Accelerate

TPU training

A TPU (Tensor Processing Unit) is a type of hardware specifically designed for training models efficiently. Accelerate supports TPU training, but there are a few things you should be aware of, namely graph compilation. This tutorial briefly discusses compilation, and for more details, take a look at the Training on TPUs with Accelerate guide.

Compilation

A TPU creates a graph of all the operations in the training step such as the forward pass, backward pass and optimizer step. This is why the first training step always takes a while because building and compiling this graph takes time. But once compilation is complete, it is cached and all subsequent steps are much faster.

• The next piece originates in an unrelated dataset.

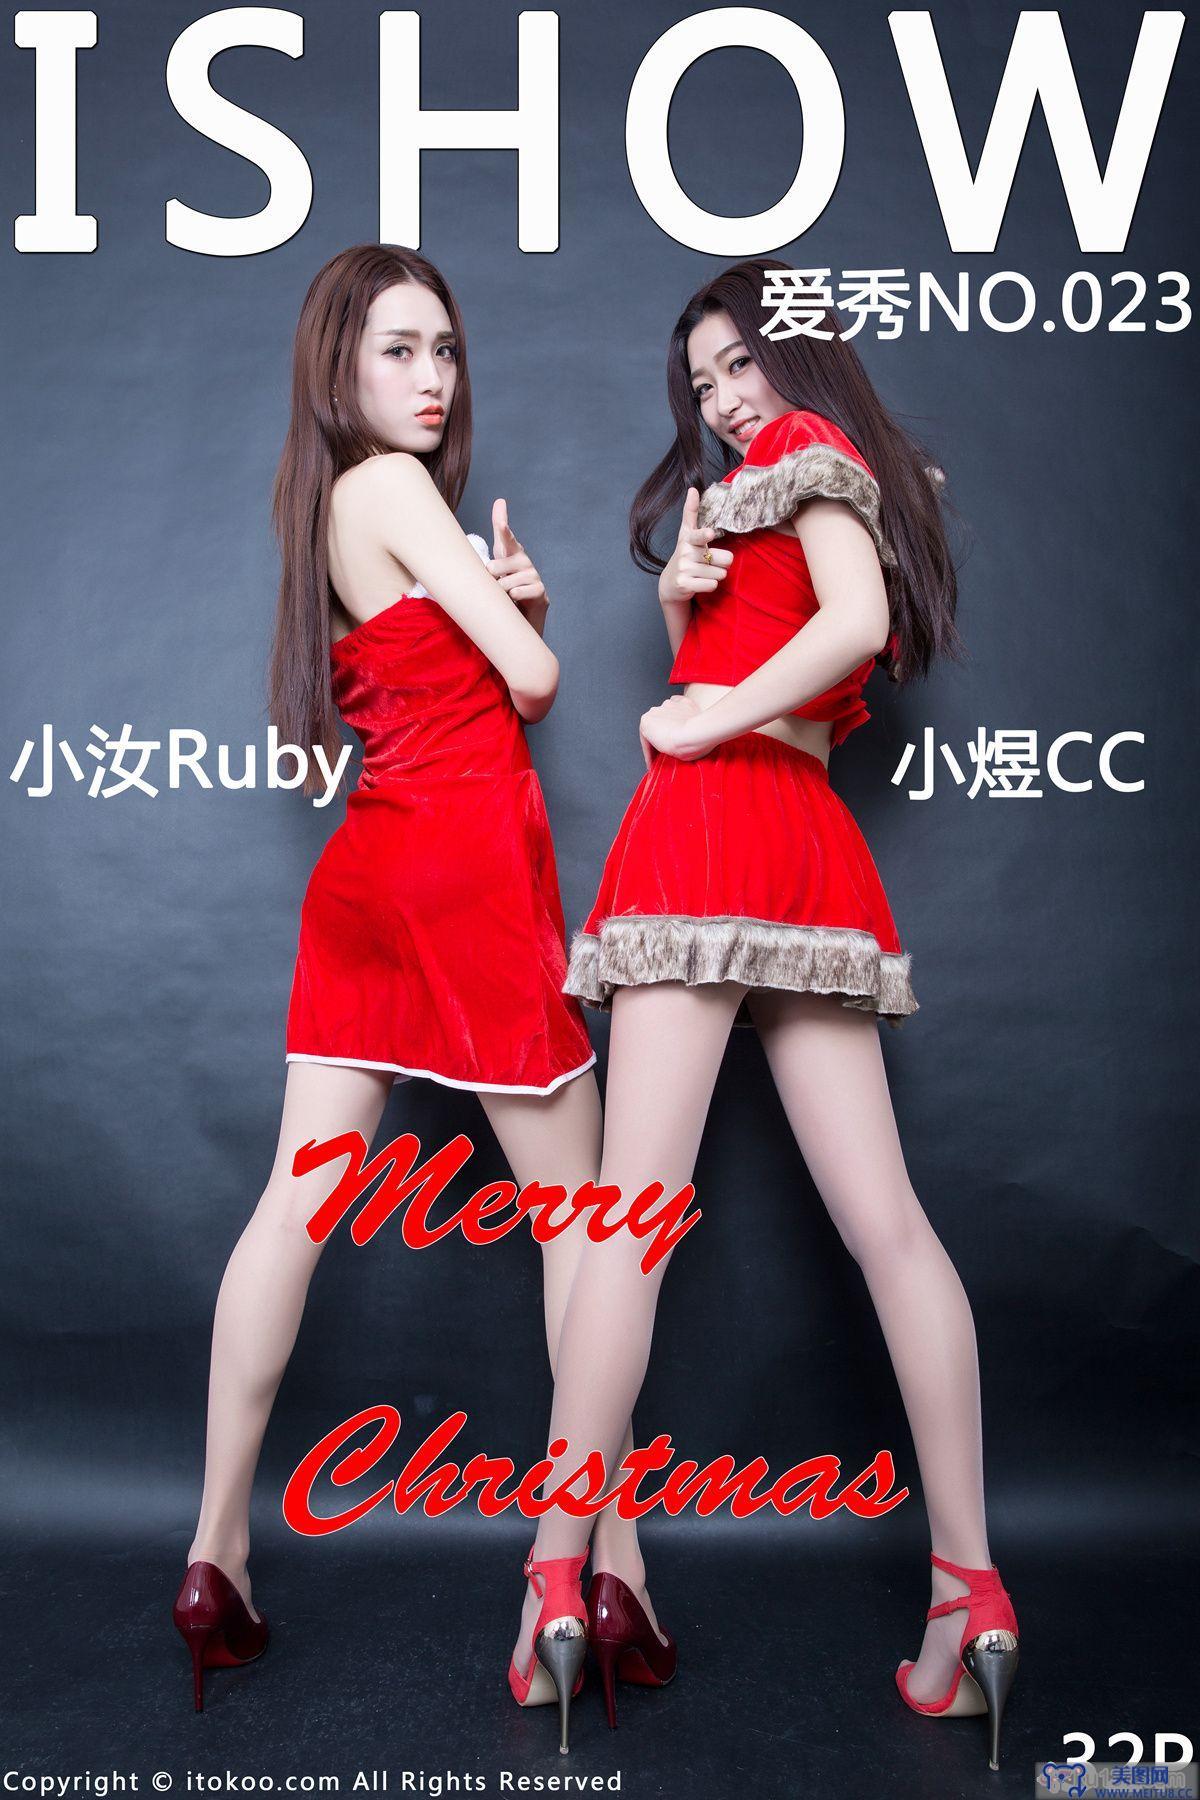 [ISHOW美女]2015-12-24 NO.023 小汝Ruby ＆ 小煜CC Merry Christmas
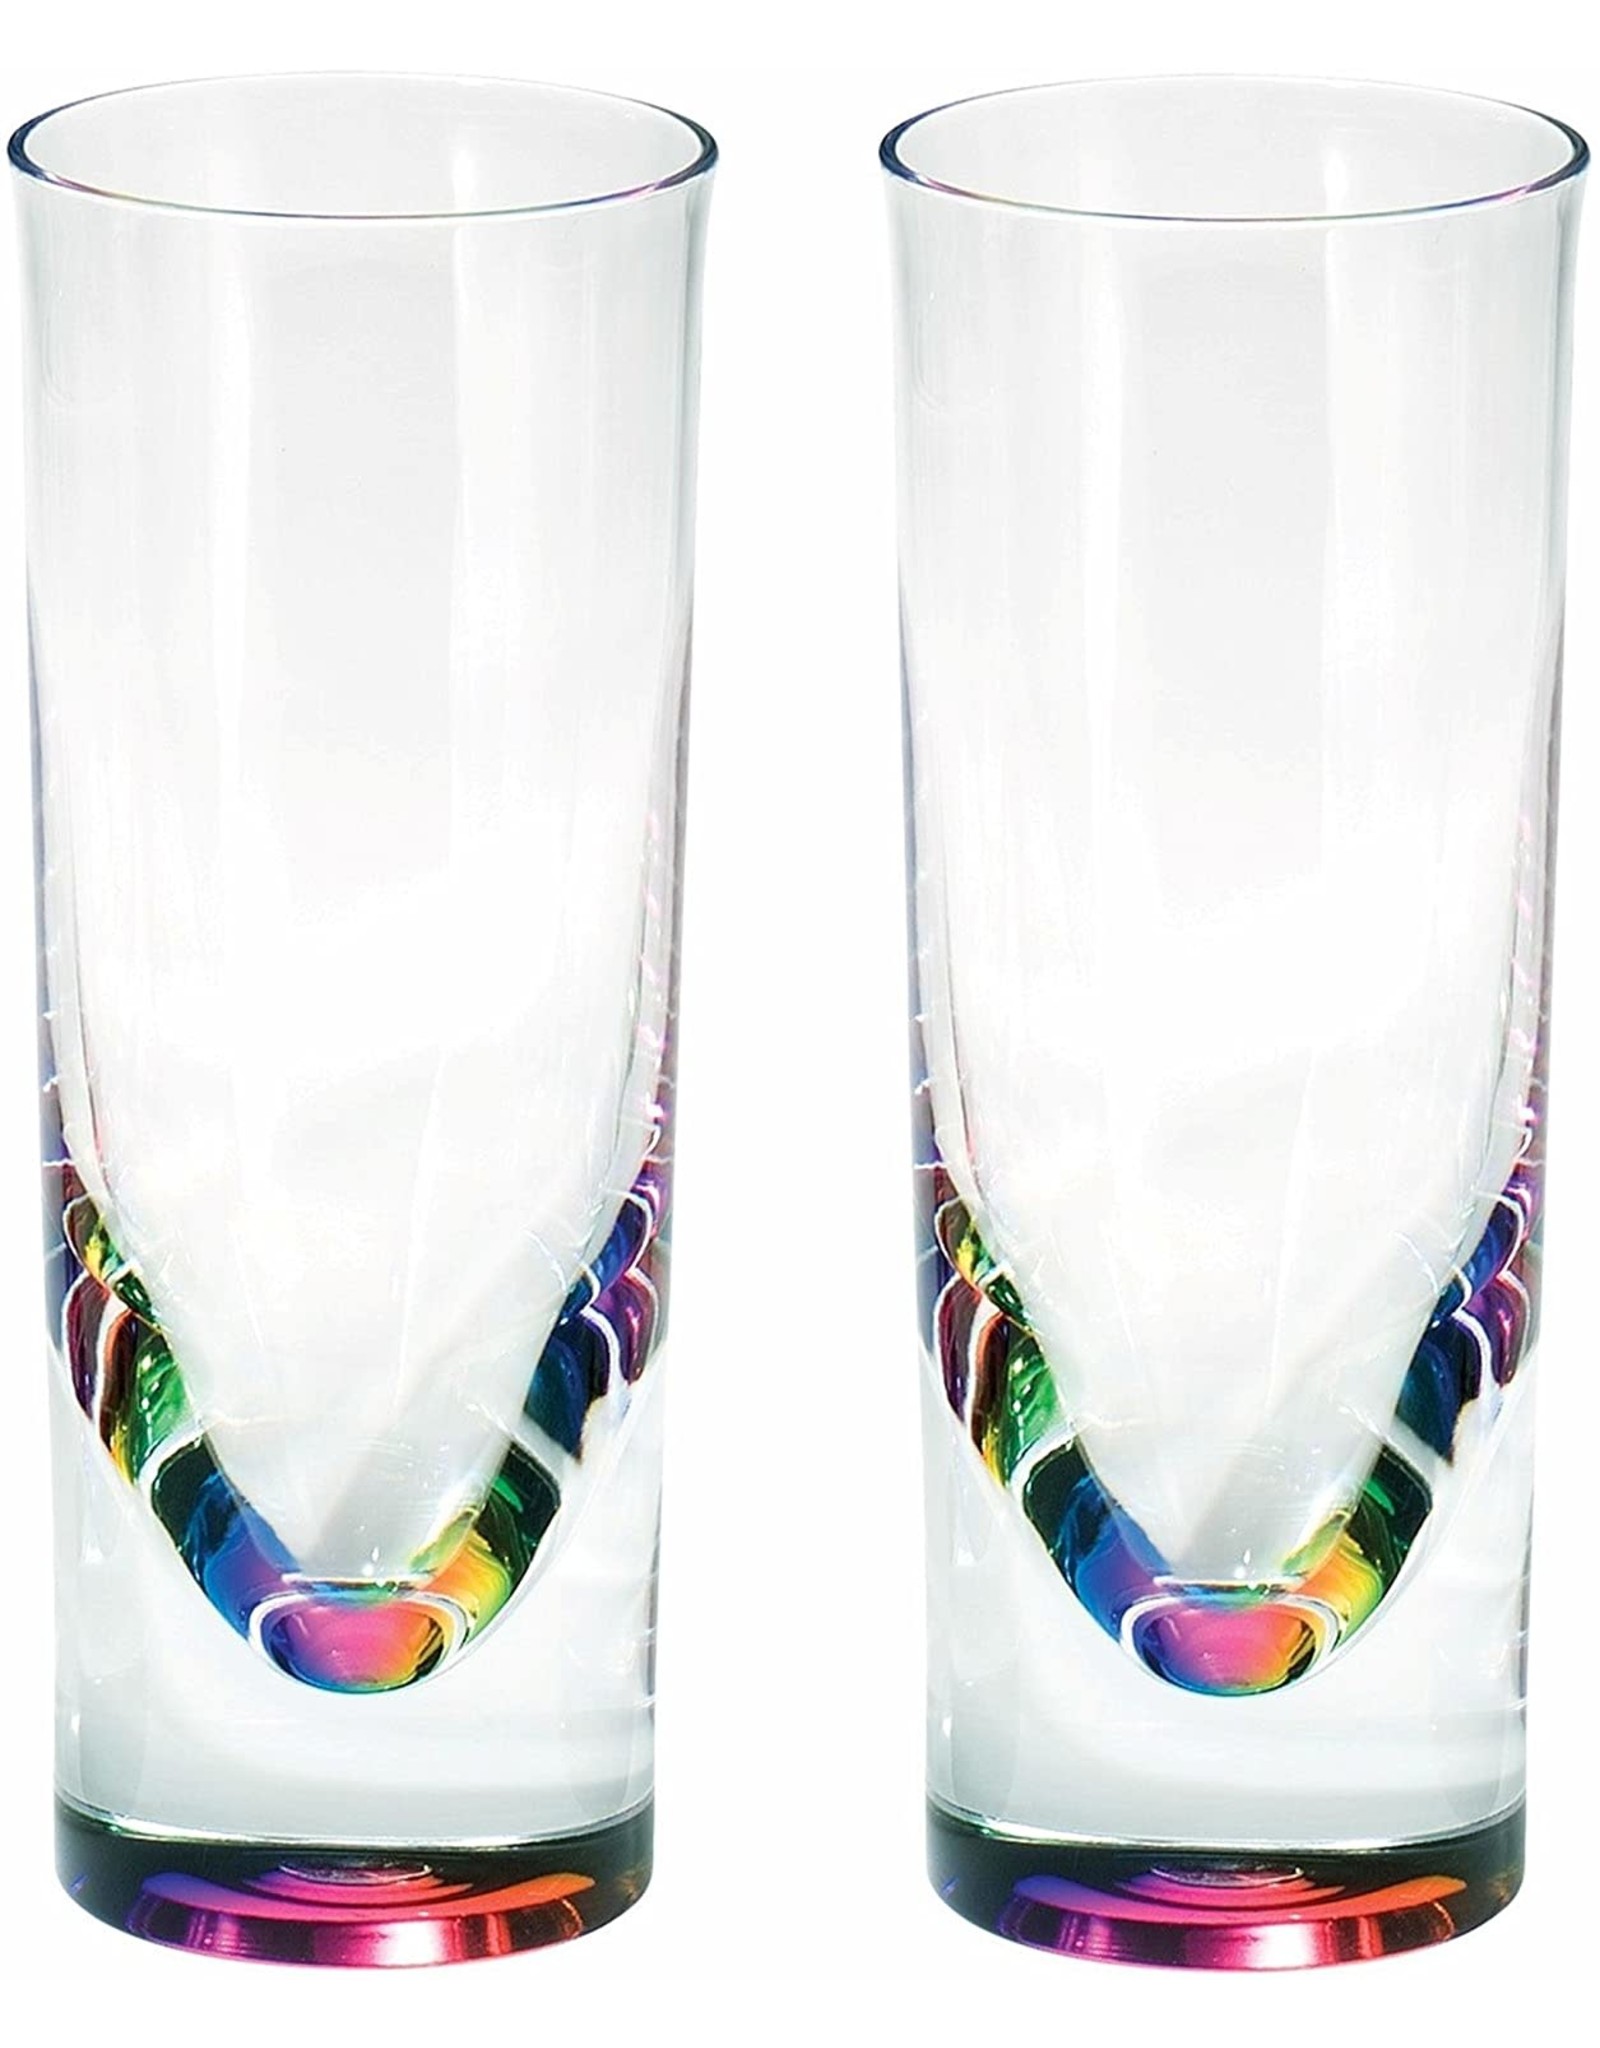 Merritt International Acrylic Rainbow Teardrop Tumbler 14oz Set Of 2

The key is to avoid compiling your code again or else training is super slow. This means all your operations must be exactly the same:

all tensors in your batches must have the same length (for example, no dynamic padding for NLP tasks)
your code must be static (for example, no layers with for loops that have different lengths depending on the input such as a LSTM)

Weight tying

A common language model design is to tie the weights of the embedding and softmax layers. However, moving the model to a TPU (either yourself or passing it to the prepare() method) breaks the weight tying and you’ll need to retie the weights.

To add special behavior (like weight tying) in your script for TPUs, set distributed_type to DistributedType.TPU first. Then you can use the tie_weights method to tie the weights.

if accelerator.distributed_type == DistributedType.TPU:
    model.tie_weights()